What this task involves ::
Repeat the listing exactly. Do not carry over any pictures.

Source material ::
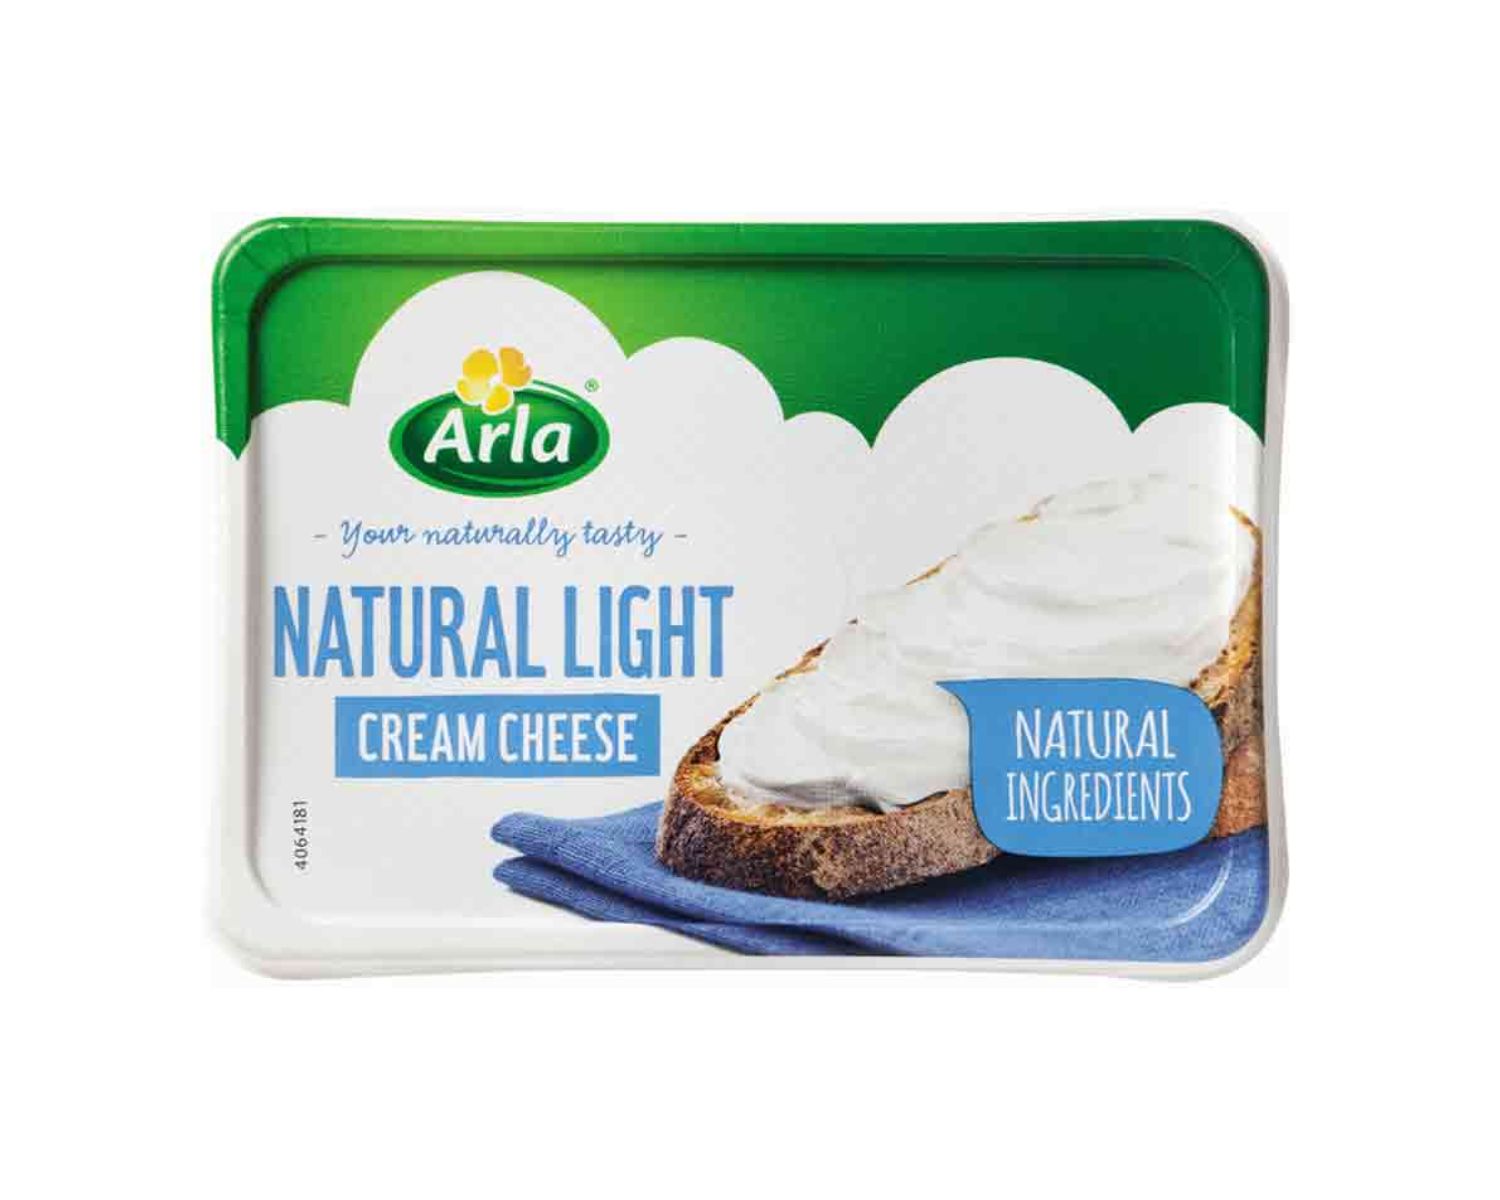 18-light-cream-cheese-nutrition-facts
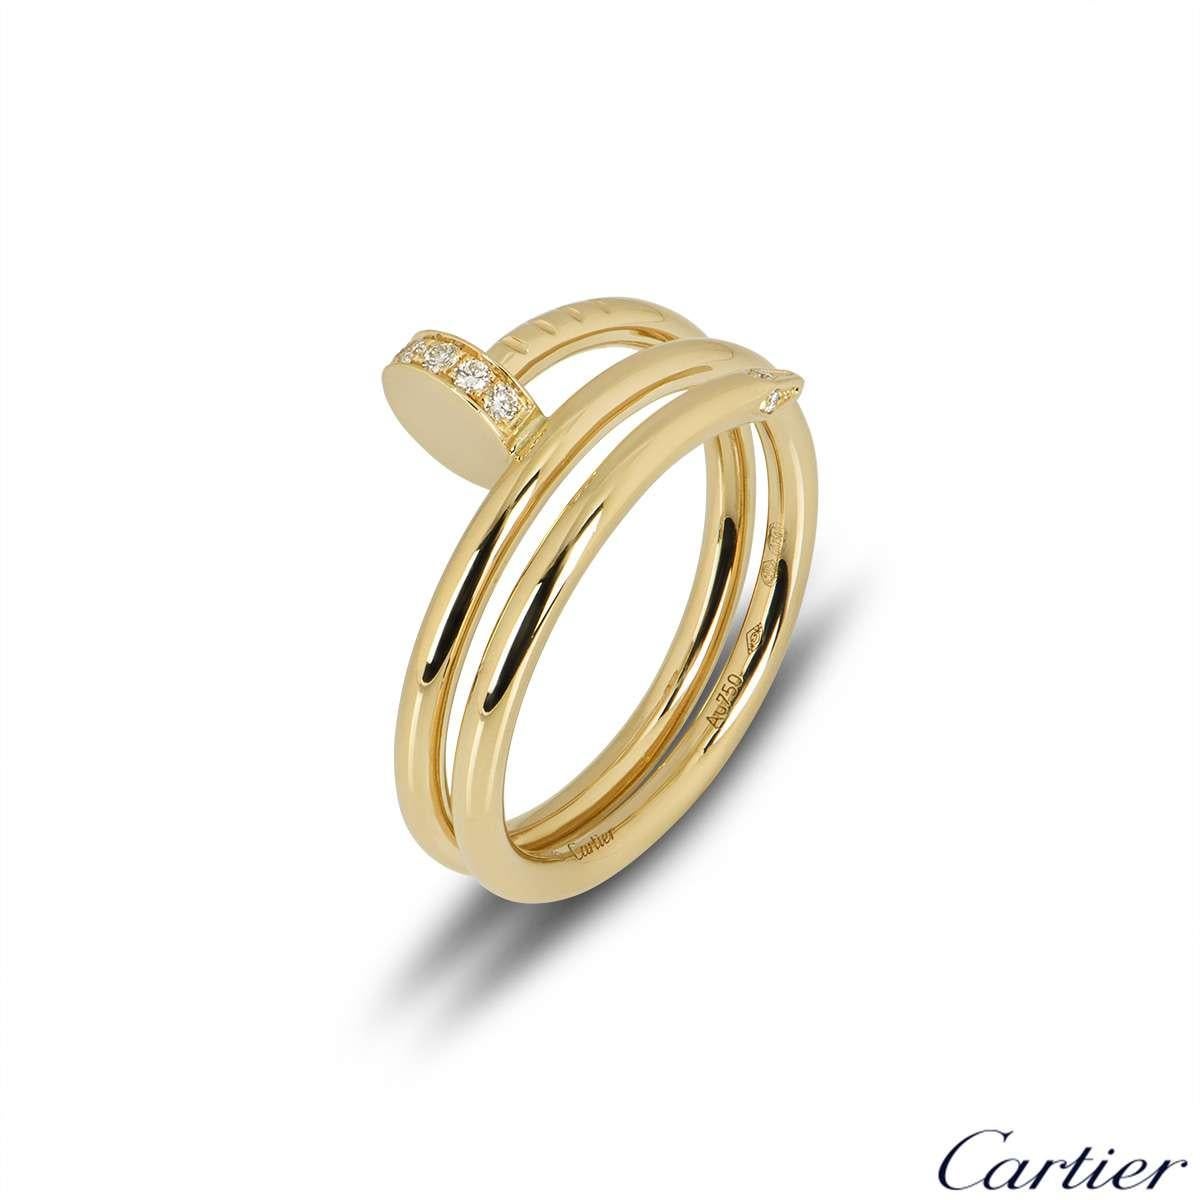 An 18k yellow gold double Juste Un Clou ring by Cartier. The ring is in the style of a nail wrapping around the finger, set with 14 round brilliant cut diamonds with a total weight of 0.08ct. The ring measures 1cm at the widest point and is a size
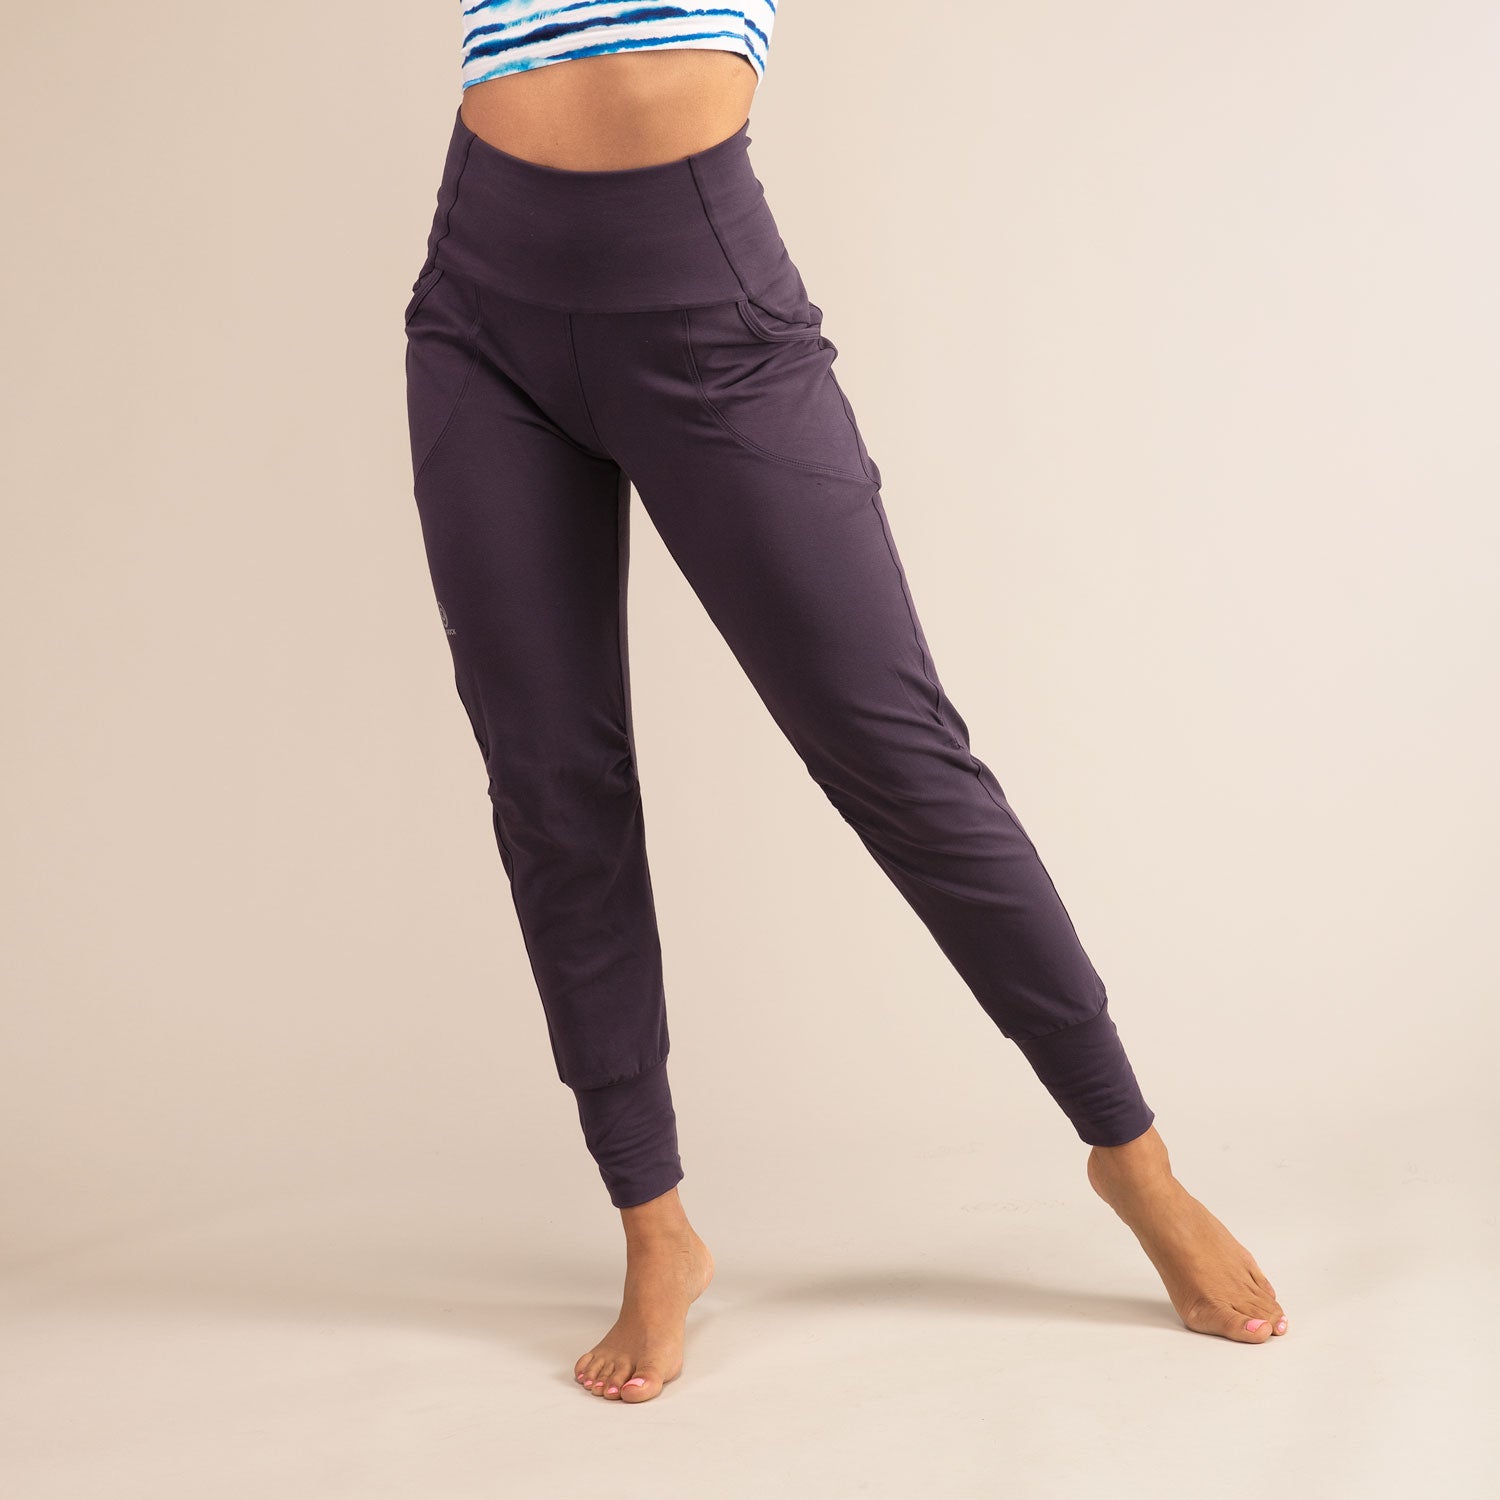 BATABOOM Sweatpants | Super Soft Organic Sweats | 3RD ROCK Clothing -  Kendal is 5ft 7 with a 28" waist, 38" hips and wears a size 30/RL. F
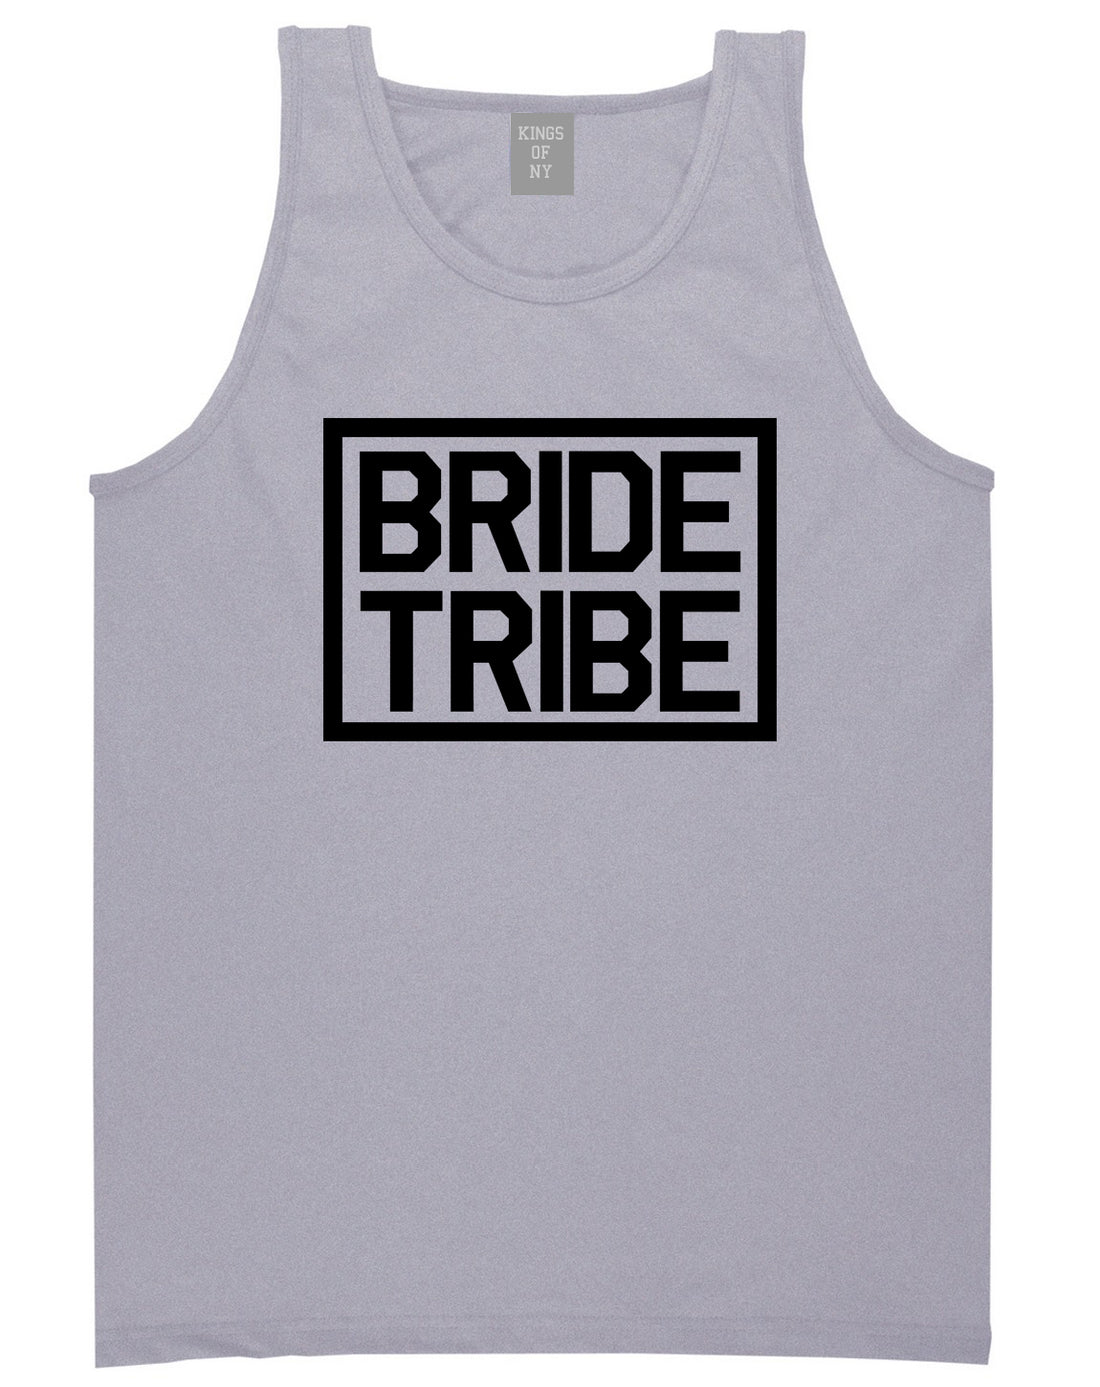 Bride Tribe Bachlorette Party Grey Tank Top Shirt by Kings Of NY

Response ::
 18-light-cream-cheese-nutrition-facts
 An 18k yellow gold double Juste Un Clou ring by Cartier. The ring is in the style of a nail wrapping around the finger, set with 14 round brilliant cut diamonds with a total weight of 0.08ct. The ring measures 1cm at the widest point and is a size
 BATABOOM Sweatpants | Super Soft Organic Sweats | 3RD ROCK Clothing -  Kendal is 5ft 7 with a 28" waist, 38" hips and wears a size 30/RL. F
 Bride Tribe Bachlorette Party Grey Tank Top Shirt by Kings Of NY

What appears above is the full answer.